DATASET SECTION section start

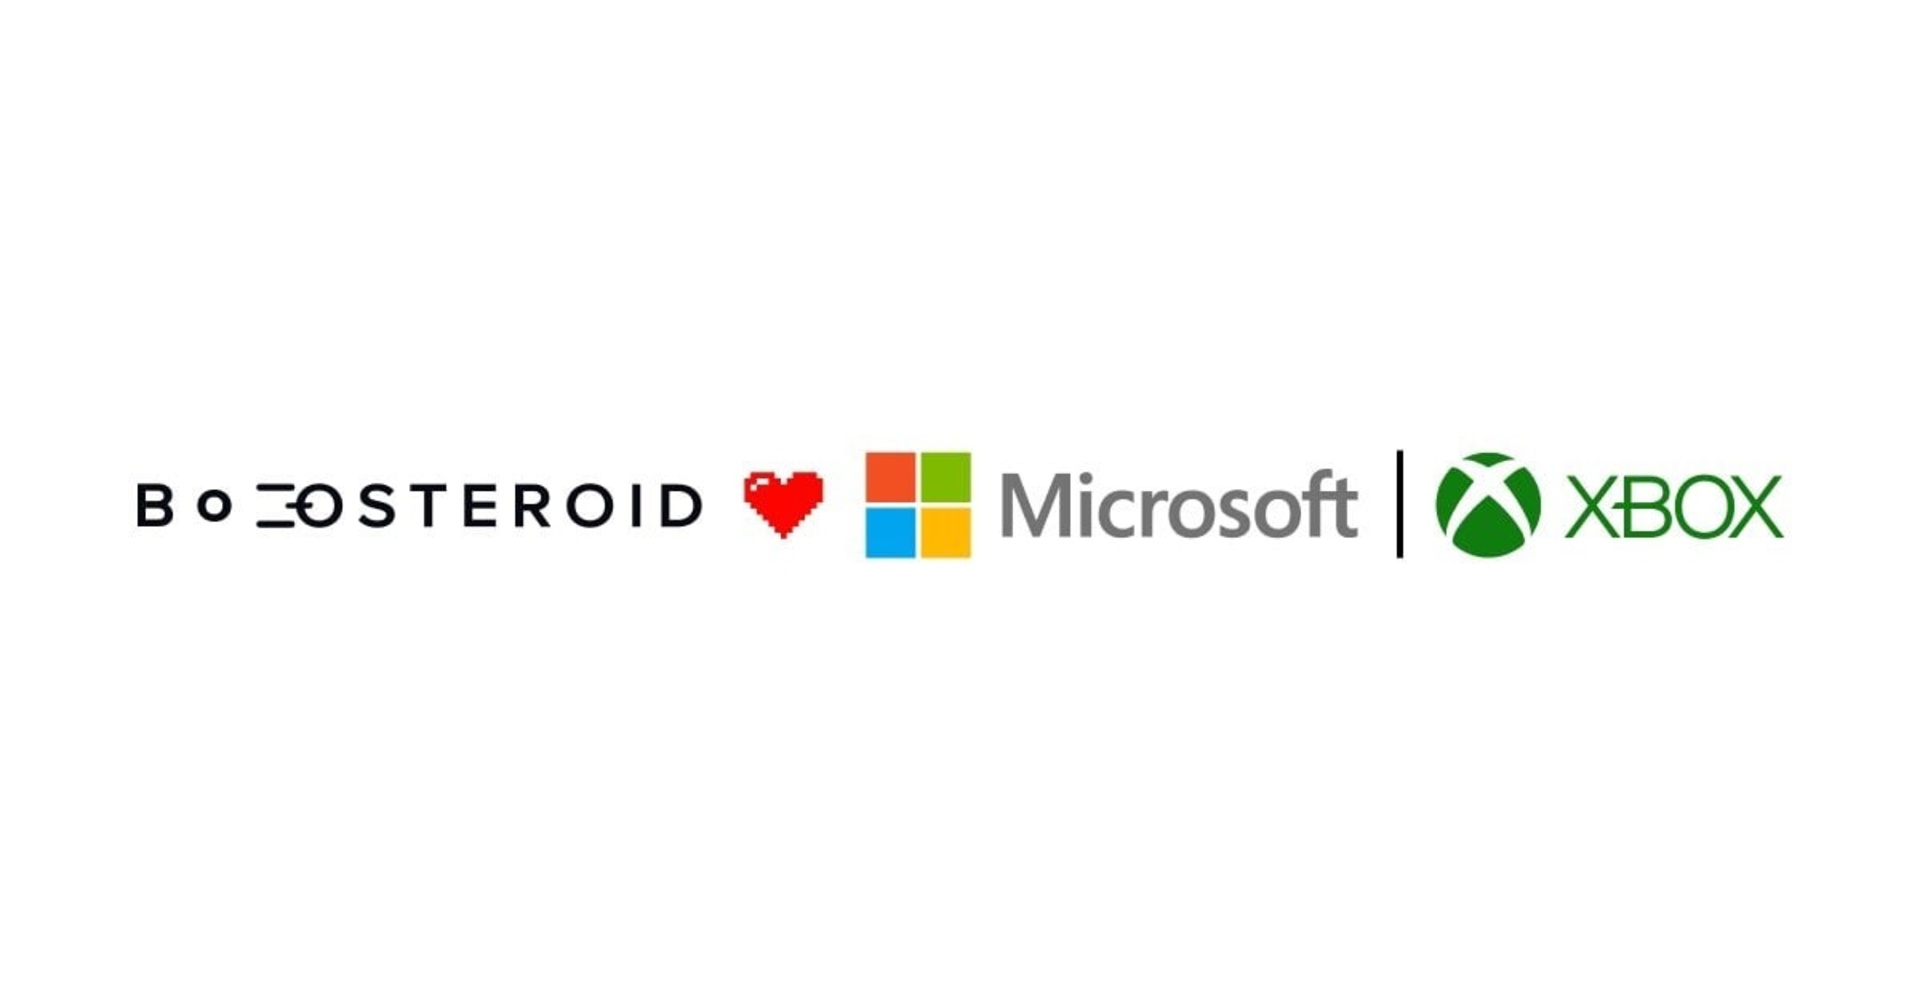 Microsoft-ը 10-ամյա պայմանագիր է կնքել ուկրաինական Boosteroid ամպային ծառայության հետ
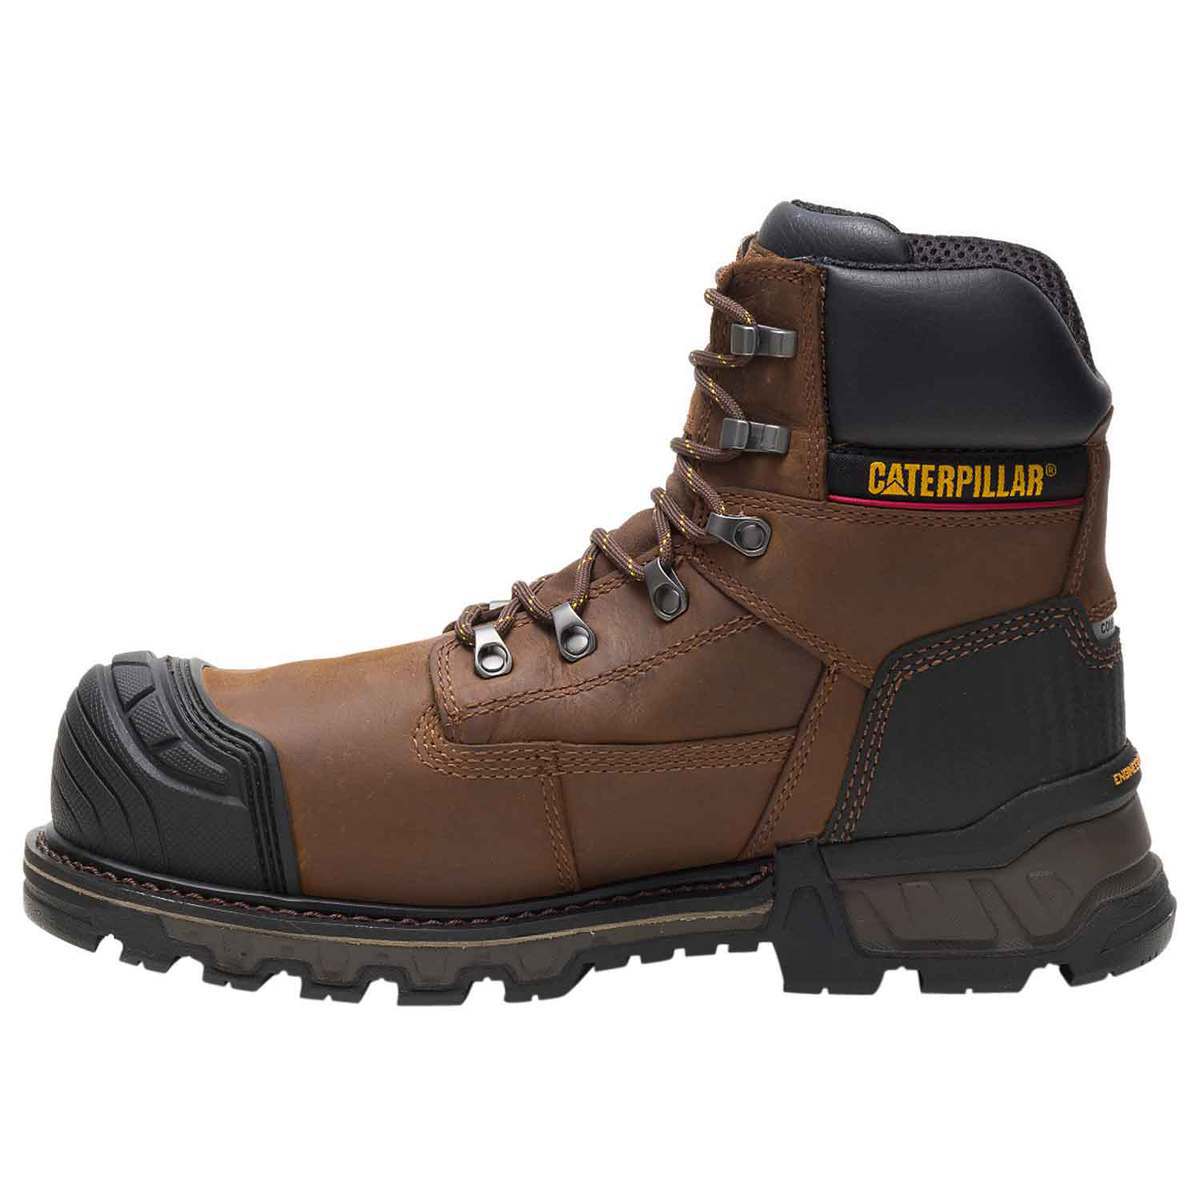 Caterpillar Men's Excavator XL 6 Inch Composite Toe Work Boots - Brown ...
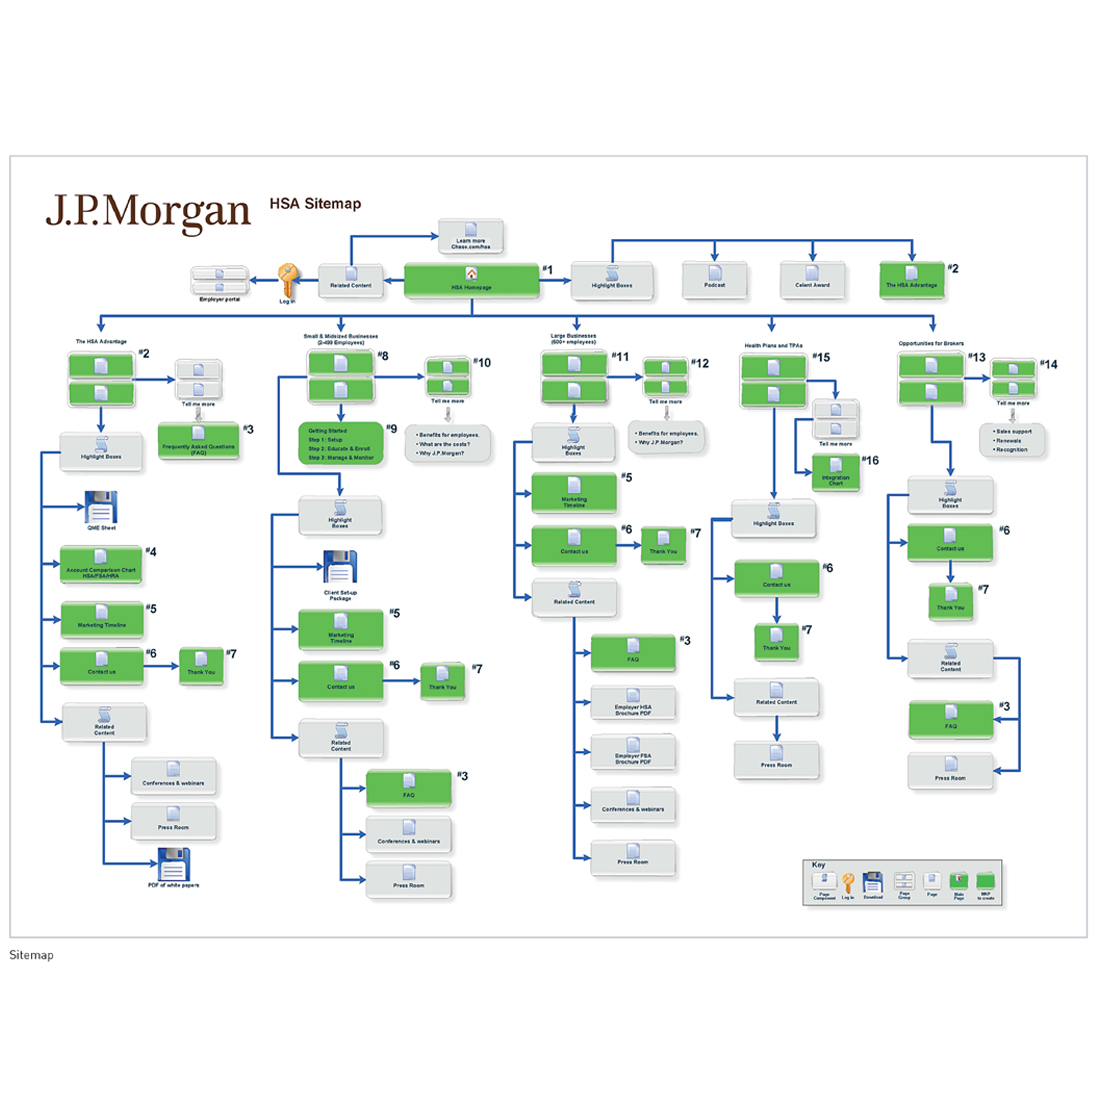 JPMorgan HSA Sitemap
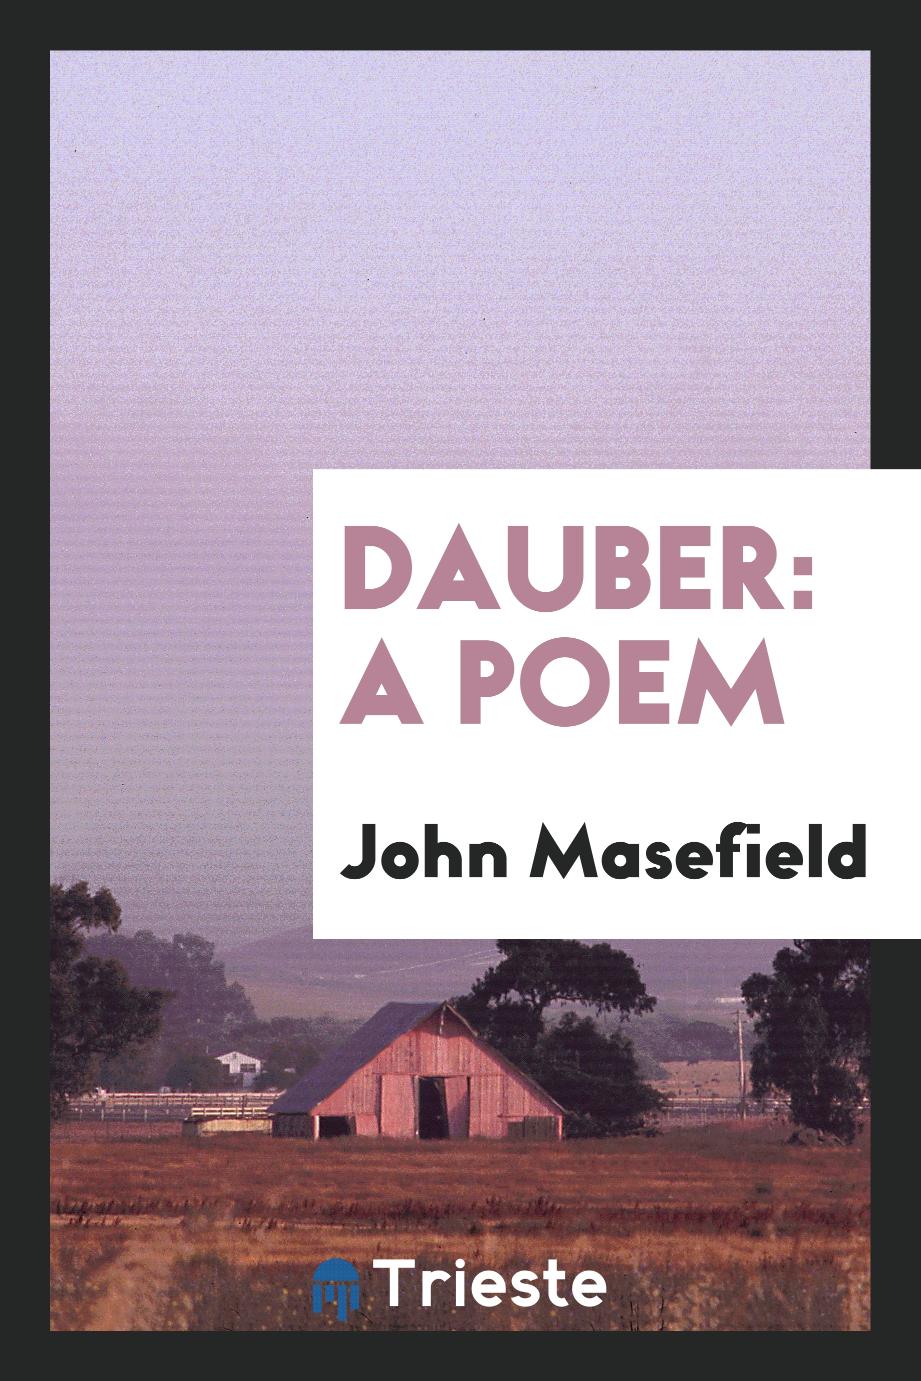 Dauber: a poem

DATASET SECTION section end

→ **EXERCISE PROMPT**
Set the listing down again exactly, skipping each picture.

→ **WRITTEN SOLUTION**
 Microsoft-ը 10-ամյա պայմանագիր է կնքել ուկրաինական Boosteroid ամպային ծառայության հետ
 Caterpillar Men's Excavator XL 6 Inch Composite Toe Work Boots - Brown ...
 JPMorgan HSA Sitemap
 Dauber: a poem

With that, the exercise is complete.